04 October 2012

Fundamentalism is the Enemy of Peace and Freedom

Well, Pam Geller has finally gained the attention she so very much desires with the billboards posted by New York City’s Metropolitan Transit Authority, marketing fear of Islamic jihad and the dehumanization of all Muslims.

One billboard redefines Islamophobia as “Islamorealism” using an anonymous number of alleged “deadly Islamic attacks,” while others advocate support of the “civilized man” in the war against the “savage.” They are disturbing on multiple levels, beginning with the idea that any and all speech, even when it is overtly propagandistic, deeply offensive, and highly inflammatory, is sacred.

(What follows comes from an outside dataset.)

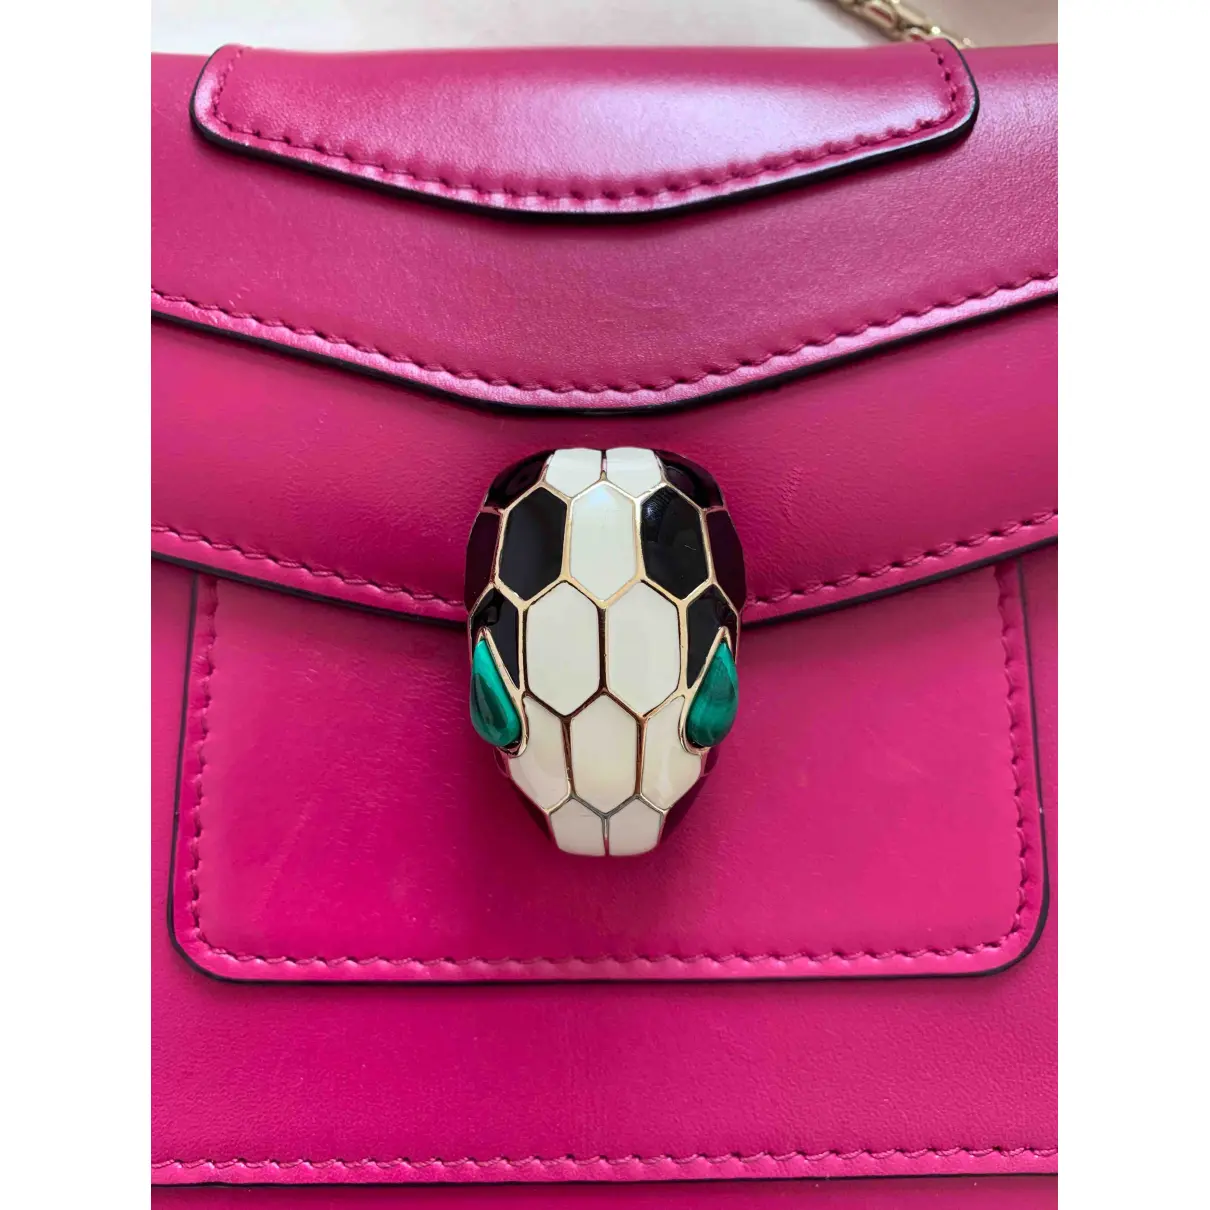 Serpenti leather handbag Bvlgari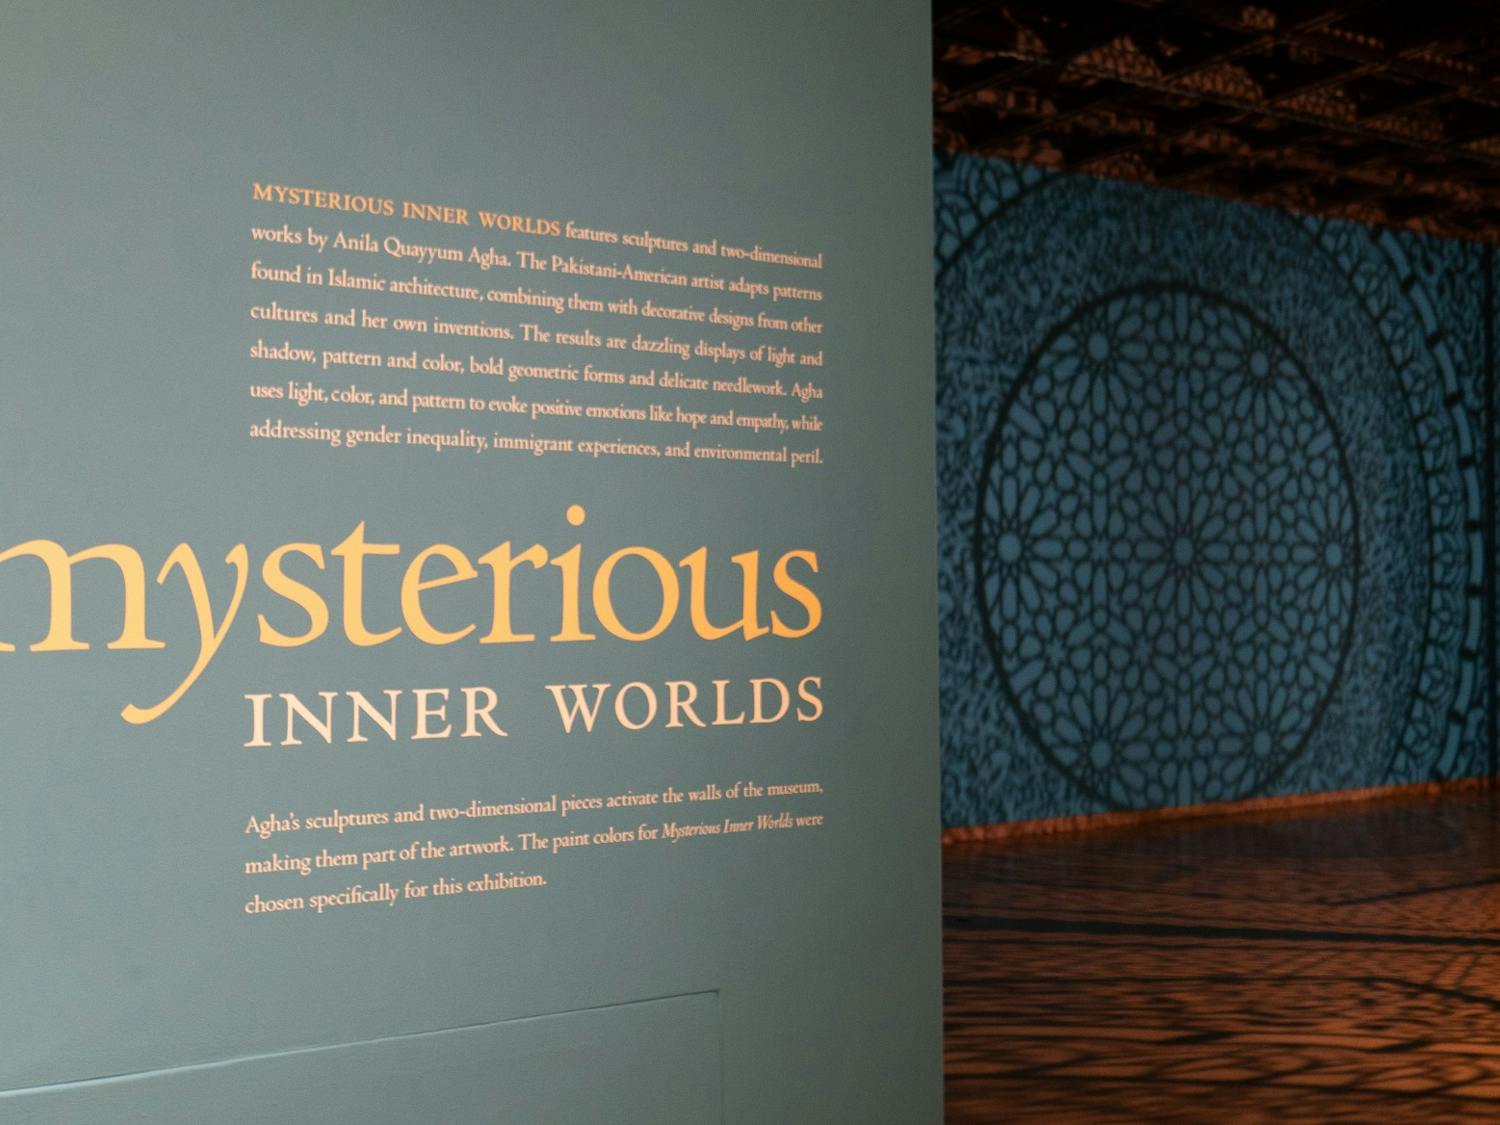 Mysterious Inner Worlds exhibit

As a non-Muslim who supports the rights of the Palestinians to personhood and statehood, I find the existence of the billboards to be far more disconcerting than the ridiculous YouTube video [Innocence of Muslims] because Pam Geller actually took her case to court and won the right to post her inflammatory messages after the MTA had refused them.


In the United States, a sophisticated society that is founded on freedom of thought and expression, is there not room to consider the context of certain speech, rather than acquiescing to unbending maxims and either/or dichotomies in an ever-more complex world of human interactions? That is what fundamentalism is all about, and it is fundamentalism that is at the root of all war and conflict, from the Drug War to the Afghanistan War to the War on the Middle Class and the Culture Wars.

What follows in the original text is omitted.